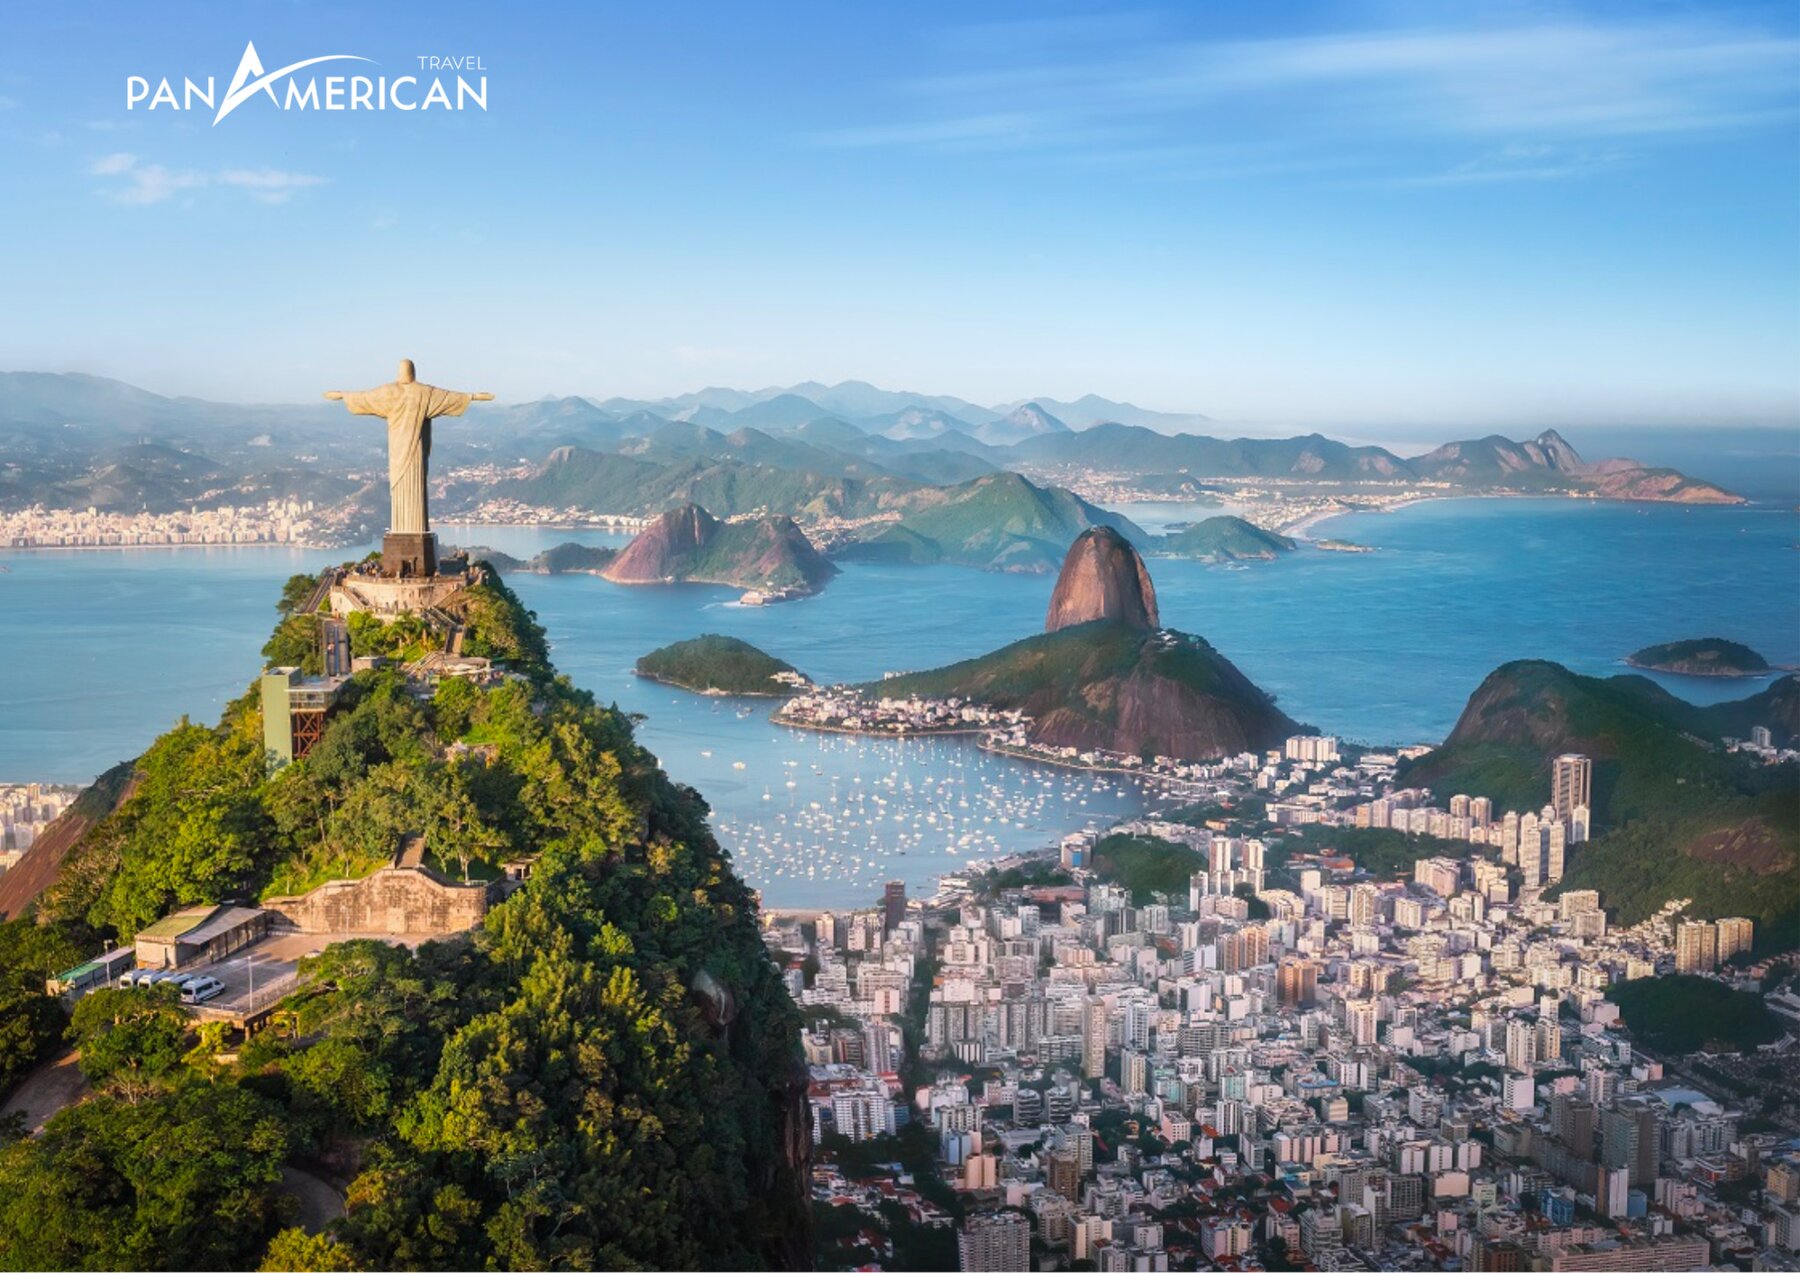 Núi Corcovado một trong những biểu tượng của thành phố
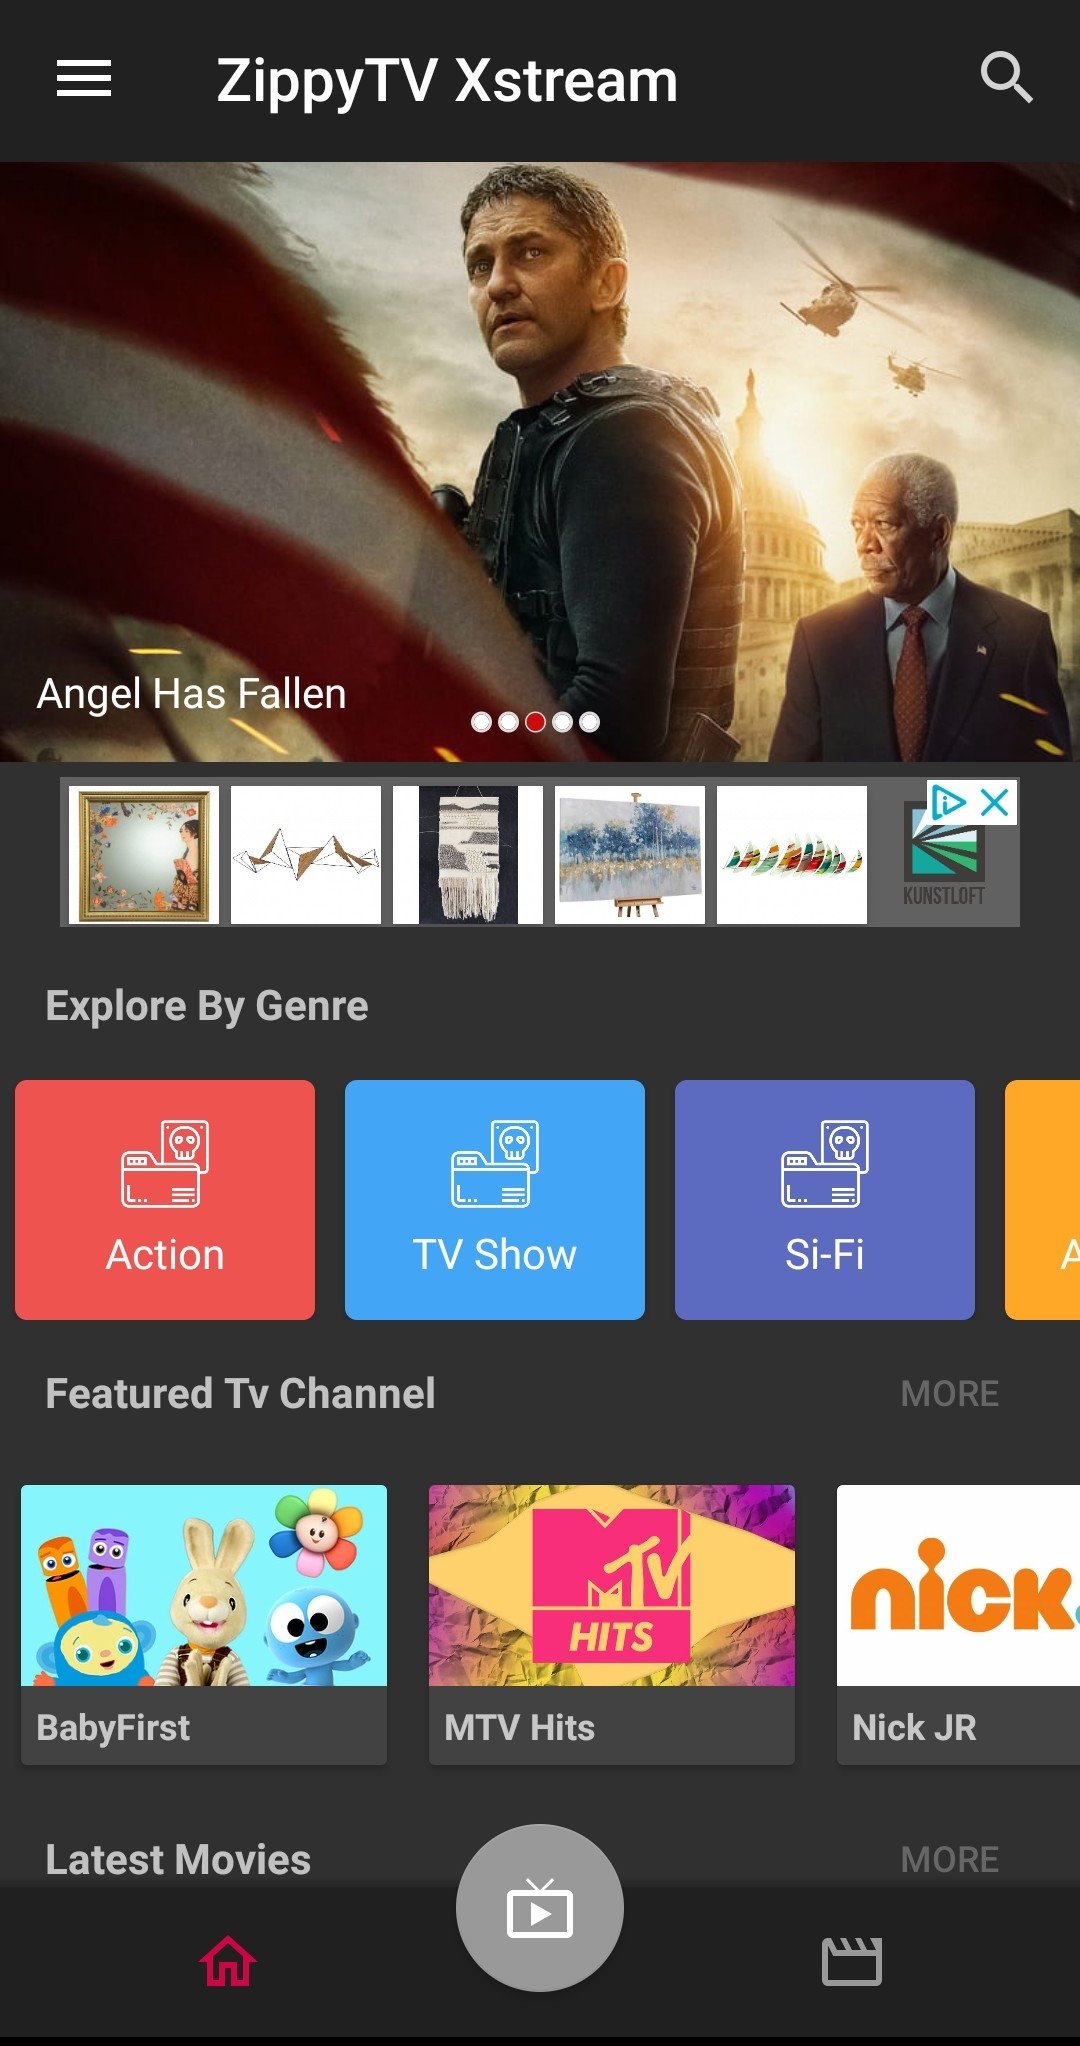 Baixar TV Online Gratis 4.0 Android - Download APK Grátis
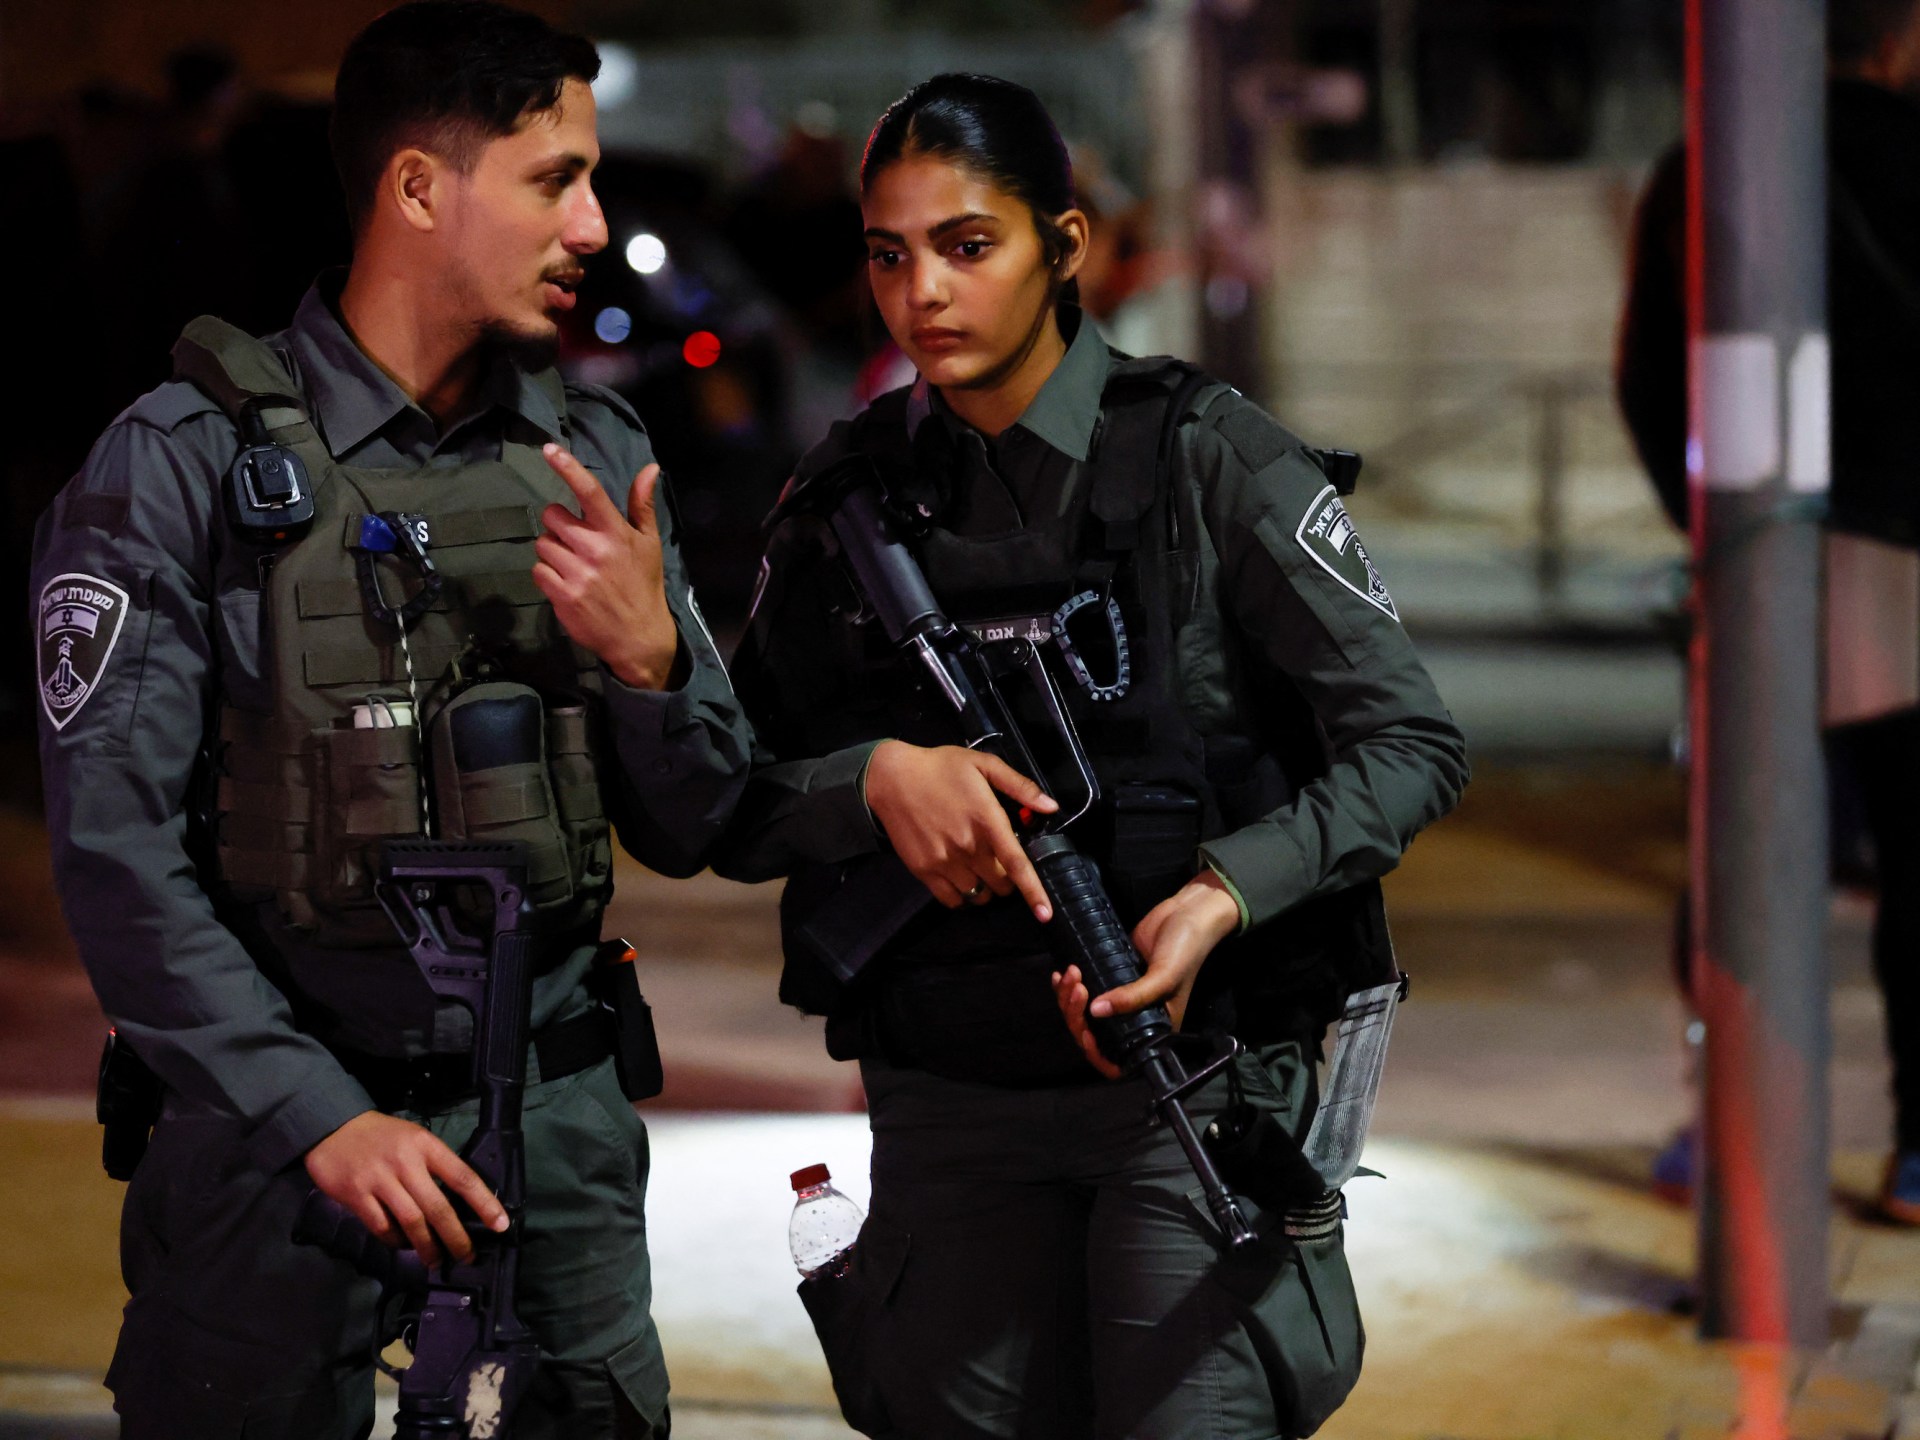 Two Israelis injured in occupied East Jerusalem shooting

•••••

- What you have to do -
Leave every picture out. Retype the remaining data exactly.

- Answer to the exercise -
 Núi Corcovado một trong những biểu tượng của thành phố
 Baixar TV Online Gratis 4.0 Android - Download APK Grátis
 Two Israelis injured in occupied East Jerusalem shooting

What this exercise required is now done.